How to complete this task: Below are the records; repeat them in full, exactly.

Listed records: Begin

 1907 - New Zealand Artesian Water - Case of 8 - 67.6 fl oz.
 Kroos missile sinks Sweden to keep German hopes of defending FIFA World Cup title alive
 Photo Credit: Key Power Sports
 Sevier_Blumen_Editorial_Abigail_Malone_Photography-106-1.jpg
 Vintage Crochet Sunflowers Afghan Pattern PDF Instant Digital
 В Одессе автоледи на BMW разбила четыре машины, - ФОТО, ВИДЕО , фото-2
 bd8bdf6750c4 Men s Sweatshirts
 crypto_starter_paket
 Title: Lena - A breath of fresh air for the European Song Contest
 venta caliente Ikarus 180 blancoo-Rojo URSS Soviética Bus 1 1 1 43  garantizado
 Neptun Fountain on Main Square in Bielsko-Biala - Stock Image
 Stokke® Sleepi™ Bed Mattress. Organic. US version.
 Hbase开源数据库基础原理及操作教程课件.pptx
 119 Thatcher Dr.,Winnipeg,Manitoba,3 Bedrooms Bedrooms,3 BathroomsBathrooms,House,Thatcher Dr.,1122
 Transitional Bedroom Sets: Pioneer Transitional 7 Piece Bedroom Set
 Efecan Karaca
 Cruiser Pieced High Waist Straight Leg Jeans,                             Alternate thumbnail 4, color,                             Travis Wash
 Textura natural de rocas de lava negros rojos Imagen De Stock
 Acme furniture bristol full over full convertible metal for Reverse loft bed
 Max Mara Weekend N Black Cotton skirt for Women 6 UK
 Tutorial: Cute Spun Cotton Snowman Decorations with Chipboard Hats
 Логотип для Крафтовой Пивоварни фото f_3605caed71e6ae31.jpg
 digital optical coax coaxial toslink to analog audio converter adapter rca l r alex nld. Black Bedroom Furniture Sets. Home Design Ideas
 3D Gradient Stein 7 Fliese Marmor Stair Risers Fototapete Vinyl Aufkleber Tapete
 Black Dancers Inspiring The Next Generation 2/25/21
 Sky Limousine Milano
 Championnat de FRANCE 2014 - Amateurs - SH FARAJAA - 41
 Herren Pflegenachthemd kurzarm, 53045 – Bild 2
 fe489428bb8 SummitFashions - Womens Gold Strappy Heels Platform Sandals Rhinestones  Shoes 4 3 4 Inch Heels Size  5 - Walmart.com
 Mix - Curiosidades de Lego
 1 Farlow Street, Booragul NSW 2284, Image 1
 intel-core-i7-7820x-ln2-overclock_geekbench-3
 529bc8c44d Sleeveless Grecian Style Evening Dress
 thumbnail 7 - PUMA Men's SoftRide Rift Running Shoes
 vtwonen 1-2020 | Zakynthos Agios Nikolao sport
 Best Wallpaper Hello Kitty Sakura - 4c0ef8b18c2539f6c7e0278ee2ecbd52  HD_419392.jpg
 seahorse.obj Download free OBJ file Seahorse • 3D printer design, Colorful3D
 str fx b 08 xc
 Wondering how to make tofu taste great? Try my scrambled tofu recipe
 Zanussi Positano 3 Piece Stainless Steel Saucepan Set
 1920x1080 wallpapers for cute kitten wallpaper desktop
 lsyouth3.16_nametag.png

Listed records: End

Exercise response:
 1907 - New Zealand Artesian Water - Case of 8 - 67.6 fl oz.
 Kroos missile sinks Sweden to keep German hopes of defending FIFA World Cup title alive
 Photo Credit: Key Power Sports
 Sevier_Blumen_Editorial_Abigail_Malone_Photography-106-1.jpg
 Vintage Crochet Sunflowers Afghan Pattern PDF Instant Digital
 В Одессе автоледи на BMW разбила четыре машины, - ФОТО, ВИДЕО , фото-2
 bd8bdf6750c4 Men s Sweatshirts
 crypto_starter_paket
 Title: Lena - A breath of fresh air for the European Song Contest
 venta caliente Ikarus 180 blancoo-Rojo URSS Soviética Bus 1 1 1 43  garantizado
 Neptun Fountain on Main Square in Bielsko-Biala - Stock Image
 Stokke® Sleepi™ Bed Mattress. Organic. US version.
 Hbase开源数据库基础原理及操作教程课件.pptx
 119 Thatcher Dr.,Winnipeg,Manitoba,3 Bedrooms Bedrooms,3 BathroomsBathrooms,House,Thatcher Dr.,1122
 Transitional Bedroom Sets: Pioneer Transitional 7 Piece Bedroom Set
 Efecan Karaca
 Cruiser Pieced High Waist Straight Leg Jeans,                             Alternate thumbnail 4, color,                             Travis Wash
 Textura natural de rocas de lava negros rojos Imagen De Stock
 Acme furniture bristol full over full convertible metal for Reverse loft bed
 Max Mara Weekend N Black Cotton skirt for Women 6 UK
 Tutorial: Cute Spun Cotton Snowman Decorations with Chipboard Hats
 Логотип для Крафтовой Пивоварни фото f_3605caed71e6ae31.jpg
 digital optical coax coaxial toslink to analog audio converter adapter rca l r alex nld. Black Bedroom Furniture Sets. Home Design Ideas
 3D Gradient Stein 7 Fliese Marmor Stair Risers Fototapete Vinyl Aufkleber Tapete
 Black Dancers Inspiring The Next Generation 2/25/21
 Sky Limousine Milano
 Championnat de FRANCE 2014 - Amateurs - SH FARAJAA - 41
 Herren Pflegenachthemd kurzarm, 53045 – Bild 2
 fe489428bb8 SummitFashions - Womens Gold Strappy Heels Platform Sandals Rhinestones  Shoes 4 3 4 Inch Heels Size  5 - Walmart.com
 Mix - Curiosidades de Lego
 1 Farlow Street, Booragul NSW 2284, Image 1
 intel-core-i7-7820x-ln2-overclock_geekbench-3
 529bc8c44d Sleeveless Grecian Style Evening Dress
 thumbnail 7 - PUMA Men's SoftRide Rift Running Shoes
 vtwonen 1-2020 | Zakynthos Agios Nikolao sport
 Best Wallpaper Hello Kitty Sakura - 4c0ef8b18c2539f6c7e0278ee2ecbd52  HD_419392.jpg
 seahorse.obj Download free OBJ file Seahorse • 3D printer design, Colorful3D
 str fx b 08 xc
 Wondering how to make tofu taste great? Try my scrambled tofu recipe
 Zanussi Positano 3 Piece Stainless Steel Saucepan Set
 1920x1080 wallpapers for cute kitten wallpaper desktop
 lsyouth3.16_nametag.png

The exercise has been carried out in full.